Former Home of Elizabeth Bishop Acquired by Key West Literary Seminar
November 15, 2019
624 White Street in Key West, the house where Elizabeth Bishop resided during the 1930s and 1940s, has been purchased by the Key West Literary Seminar (KWLS) and will serve as the organization’s new headquarters, according to a press release distributed by KWLS earlier today.
Bishop, one of America’s most celebrated and acclaimed poets, moved to the house in 1937 at age twenty-five, where “[her] poetic style underwent a significant and lasting transformation,” according to her biographer, Thomas Travisano. “The house seems beautiful to me, inside and out,” Bishop once wrote to fellow poet and mentor Marianne Moore. The house on White Street, as well as the geography and architecture of surrounding Key West, provided Bishop a locale to “harness her powers of close and concentrated observation,” according to the release.
“Now, our work—to restore this national treasure and preserve it as it was when Bishop lived here—begins,” notes the release. “Bishop is part of our DNA as an organization. It’s both an honor and a serious responsibility to become the home’s new owners. This acquisition will expand our reach and visibility, while deepening our connection to Key West. As we work to restore and preserve the Elizabeth Bishop House and make it the public face of our commitment to Key West’s literary heritage, we will achieve our mission to a degree that has not previously been possible.”

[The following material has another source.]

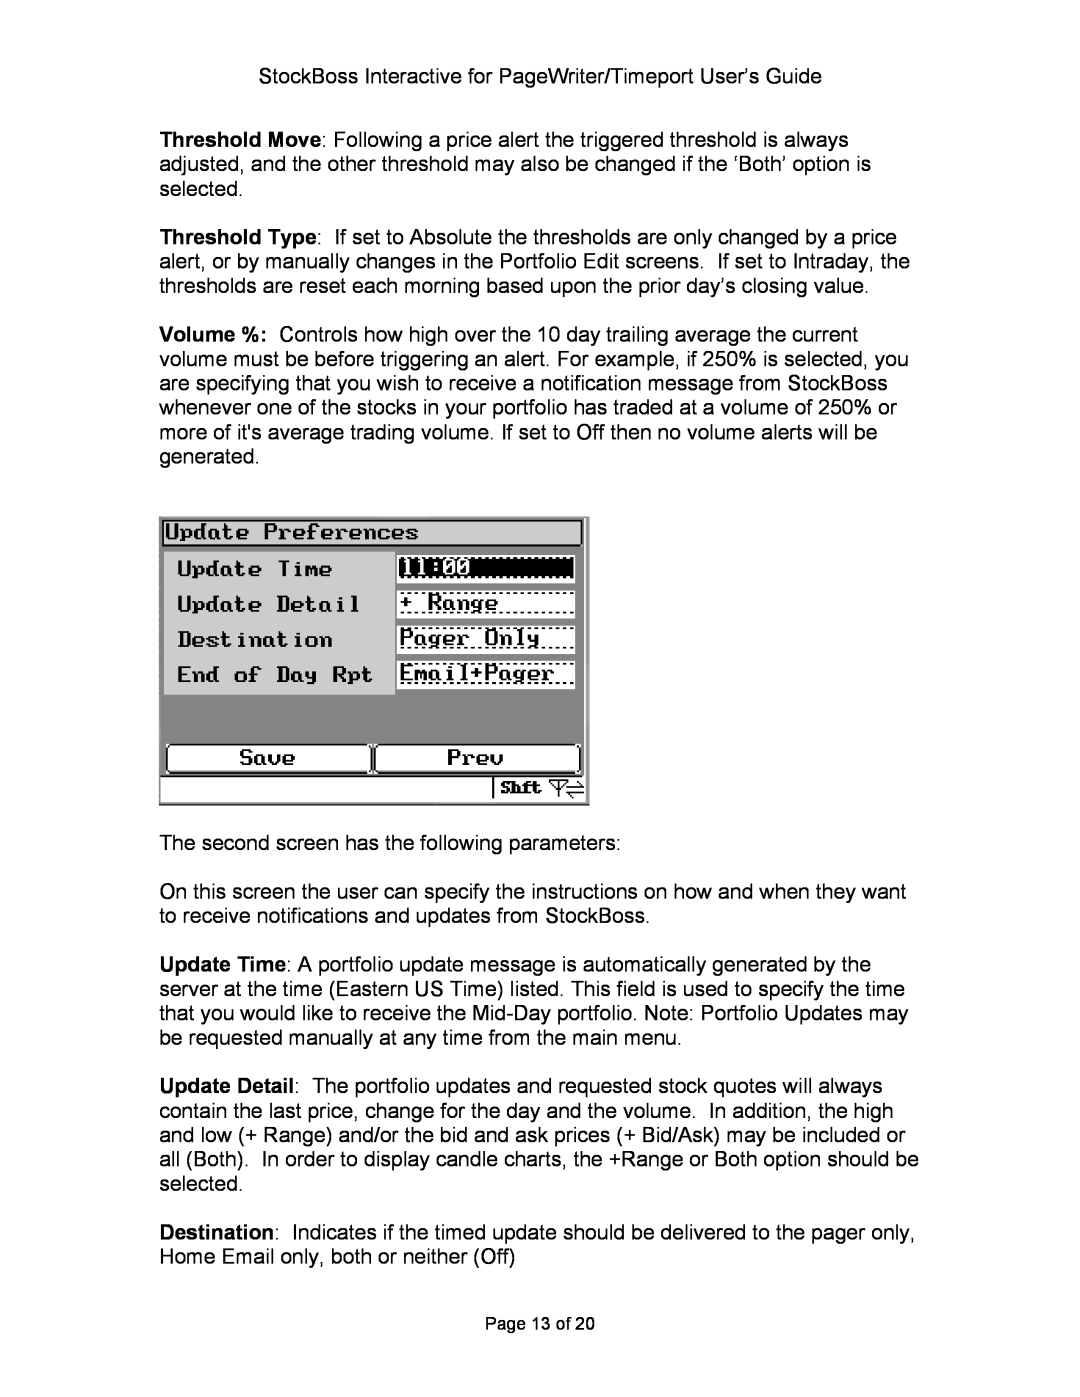 Motorola P930 Series manual Page 13 of

That work begins with a proposed five-year campaign to raise $2.25 million, paying off fully the mortgage on 624 White Street, and supplying additional funds for restoration and preservation purposes.
Elizabeth Bishop, born in 1911, was respected yet somewhat obscured in the middle of her literary lifetime. She ascended to her status as an icon of American letters later on in her life, as well as after her death in 1979. Larry Rohter of the New York Times once named Bishop “one of the most important poets” of the 20th century. By the time of her death, Bishop had established herself as a perennial figure of American poetry, winning a Pulitzer Prize, National Book Award, National Books Critics Circle Award, and many, many, other accolades. She served as the US Poet Laureate from 1949–1950.